Andromeda
is one of a number of constellations that derive their names from
the same epic Greek myth. Also from this story come Cepheus, Cassiopeia,
Perseus and Pegasus, all in the same general region of the northern
sky, as well as Cetus to the south. Andromeda is best known because
it is home to the Great Nebula, M31, called the sister galaxy
to our own Milky Way.
Although Andromeda occupies a large expanse of the night sky,
it contains but six stars brighter than magnitude 4. And, ironically,
the brightest of these, magnitude 2.1 Alpheratz, must be shared
with the asterism of the Great Square of Pegasus as the northeast
(upper left) corner. On some star charts it is still designated
as Delta Pegasi.
The well known legend of the chained princess and her rescue by
the hero Perseus is likely a reinterpretation of an even older
story. The myth of a hero who slays a vile monster (Cetus) is
the same as that of Saint George and the Dragon, of Marduk and
Tiamet, of many a fairy tale. Andromeda may originally have been
the dawn, whose beauty is released from the dark of night by the
conquering Sun-hero.
The stories of Andromeda, the daughter of Cepheus and Cassiopeia,
king and queen of Ethiopia, have been told for more than two thousand
years, but the light that strikes your eye from the faint smudge
that is the Great Galaxy has been traveling through space for
more than two million years. If you have good eyes and a clear
fall night without moonlight, M31 is the most distant object that
can be seen without optical aid. Records show that this object
was known to Persian philosophers in the tenth century and it
was shown on fourteenth and fifteenth century Dutch and Spanish
charts. But first mention of this celestial patch of light is
credited to Simon Marius, who observed it with his telescope in
1612, even before the 1619 discovery of the conspicuous nebula
in Orion. This was the time of the introduction of the first telescopes
in Europe, and more and fainter such cloud-like visions were announced
as the known world of astronomy expanded. By Herschel's time the
perceived abundance of stars and the complexity of their distribution
led him to suggest, in 1785, that a nebula might be a "stupendous
sidereal system
consisting of many millions of stars
." The English astronomer William Huggins offered proof of
this theory in 1864, using spectrographic measurements. Not until
Edwin Hubble, working with the newly completed 100-inch telescope
at Mount Wilson in 1924, were photographic plates obtained that
resolved the stars of the Andromeda Nebula and made certain that
this distant pinwheel of light should be called instead the Andromeda
Galaxy.
The Andromeda spiral NGC 224 (M31) is located 2.3 million light
years from us, and is about fifty percent larger than our own
galaxy. Find it about 13 degrees west of Gamma Andromedae, Almach,
and an equal distance northeast of Alpha Andromedae, Alpheratz.

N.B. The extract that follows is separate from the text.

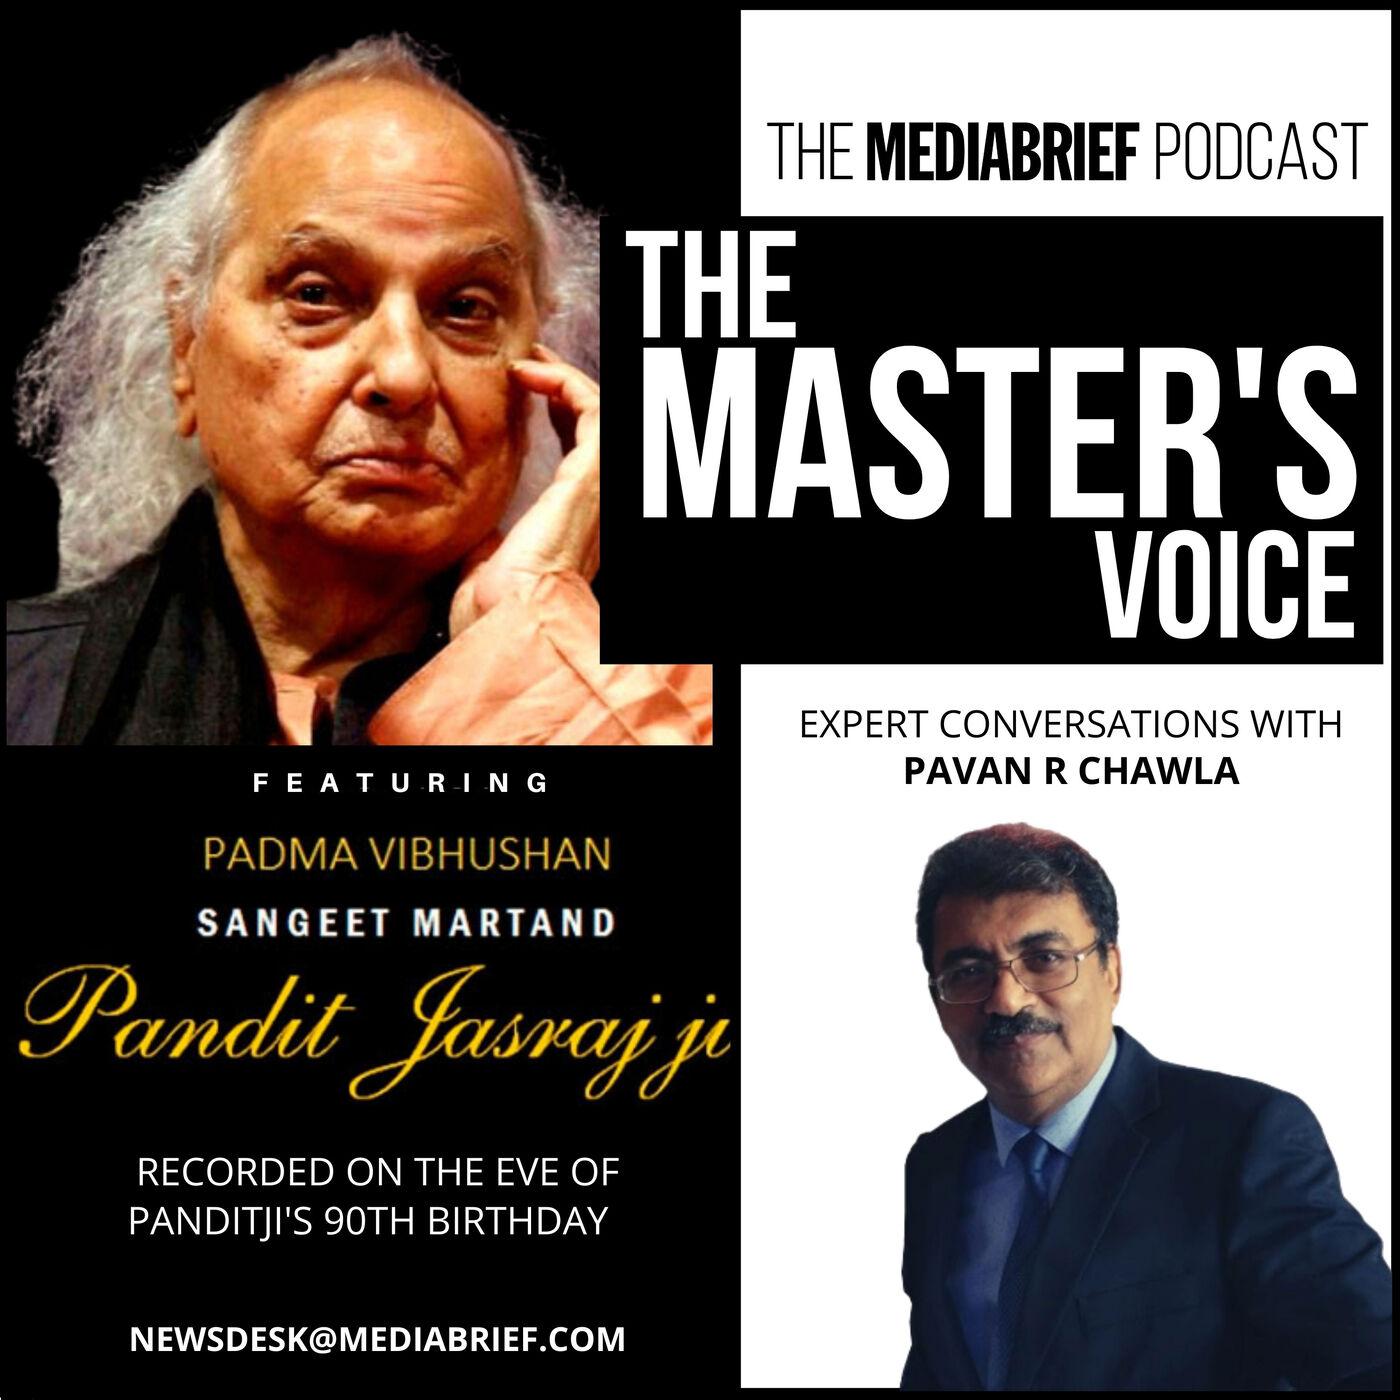 PODCAST: Pandit Jasraj ji, on The Master's Voice

It has a pair of companion galaxies, NGC 205 (M110) and NGC 221
(M32), as does our own Milky Way Galaxy, the Large and Small Magellanic
Clouds (which may be observed only from the Southern Hemisphere).
An interesting edge-on spiral galaxy in Andromeda
is NGC 891, located 40 million light years away. This CCD image,
showing the prominent equatorial dark lane, was captured by Jim
Scala. It is only of magnitude 12, but this fine object can be
well observed with an 8-inch telescope if the night is dark, clear
and moonless. It is located about three degrees east of Gamma
Andromedae, or Almach, the second-magnitude star at the tip of
the southern tine of the long, narrow V that identifies the constellation.
Almach is one of the finest of all double stars. Its primary star
is a bright orange, with its double appearing as bluish or blue-green,
separated by about 10 arcseconds. The secondary is itself a very
close double star, but it is seen as a single star because the
elongated orbit of its companion is generally not resolvable by
telescopes. South-southwest of Almach is a large open cluster
of stars that can be appreciated through a good pair of binoculars.
This is NGC 752, whose stars are perhaps 1300 light years away.
The star classifications indicate that they are at least one and
a half billion years old. Another star of note is R Andromedae,
a Mira-class variable star whose magnitude ranges from 5.1 to
14.8 over a period of 409 days.
There are a number of other multiple stars, variable stars, and
other objects that lie in the direction of Andromeda, making it
an important constellation in the night skies of autumn.